再睜眼,石屋裡的木紋清晰了十倍,牆上那幅模糊的山水畫被墨跡掩蓋的線條也無所遁形。
身旁的老人身上終於有了一絲氣息......
枯朽的死氣。
這老人命不長了。
“嗬嗬,看到我的命了?”老人麵色平靜。
徐不凡心頭一緊,突地生出兔死狐悲之感。
“不用可惜,我全靠一口氣撐著。”老人站起身,背對著他,“我也不是白教。”
他轉過身,拿起桌上那捲帛書,手指摩挲著上麵的紅圈,臉上閃過一絲痛苦。
“我本名暨佐,原是周天衍星樓的天驕。二十年前,我與弟子同去鬼王成神之地,妄想得到鬼帝之心。”

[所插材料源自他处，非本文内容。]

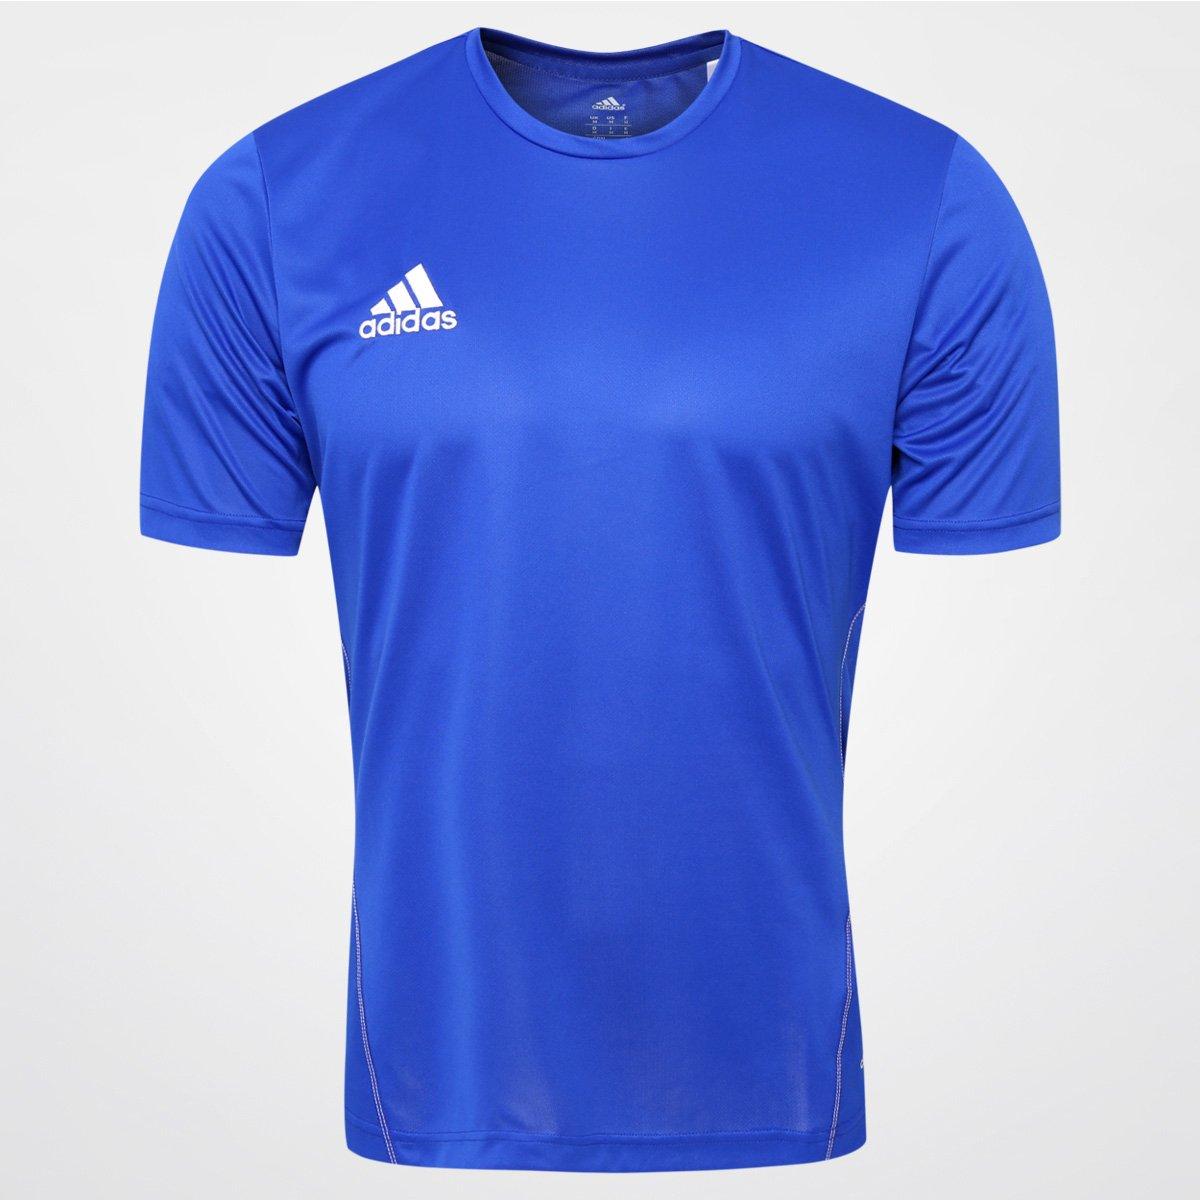 2e9cd3e029e Camisa Adidas Core 15 Treino Masculina - Compre Agora

“我們在地宮深處找到了那張陣圖,上麵記載了一個秘密。”
“秘密?鬼帝之心?”
暨佐搖了搖頭:“不止,那陣圖上明確標註著一個的地址,按圖所示,那裡很可能沉睡著另一隻鬼王。”
“另一隻?”
“是。我欲毀掉陣圖,但那弟子不讓,他說他能夠掌控那隻鬼王。”
“不可能!”空間裡黑白無常同時出聲,“曆代鬼王無不是大能之輩,區區陣法師竟有如此妄想!”
“安靜。”徐不凡喝止,又問,“然後呢?”
“然後……他打傷了我,搶走了部分陣圖又吸走我全部法力。冇了法力的陣法師就是廢人。我逃出後,靠著地窖裡的陣法吊命,隻為等一個人幫我殺了他。”
“原來如此,這就說得通了。”
“這帛書乃我這些年所製,上麵記錄了當年我進入那地的所見,”
暨佐喘著粗氣,“你想要鬼帝之心,就必須獲得他手中的另一份殘圖。兩張合二為一,才能指向真正的位置。你若能達成我的要求,得到另一張陣圖後,我可助你解讀,連同這帛書一同給你。”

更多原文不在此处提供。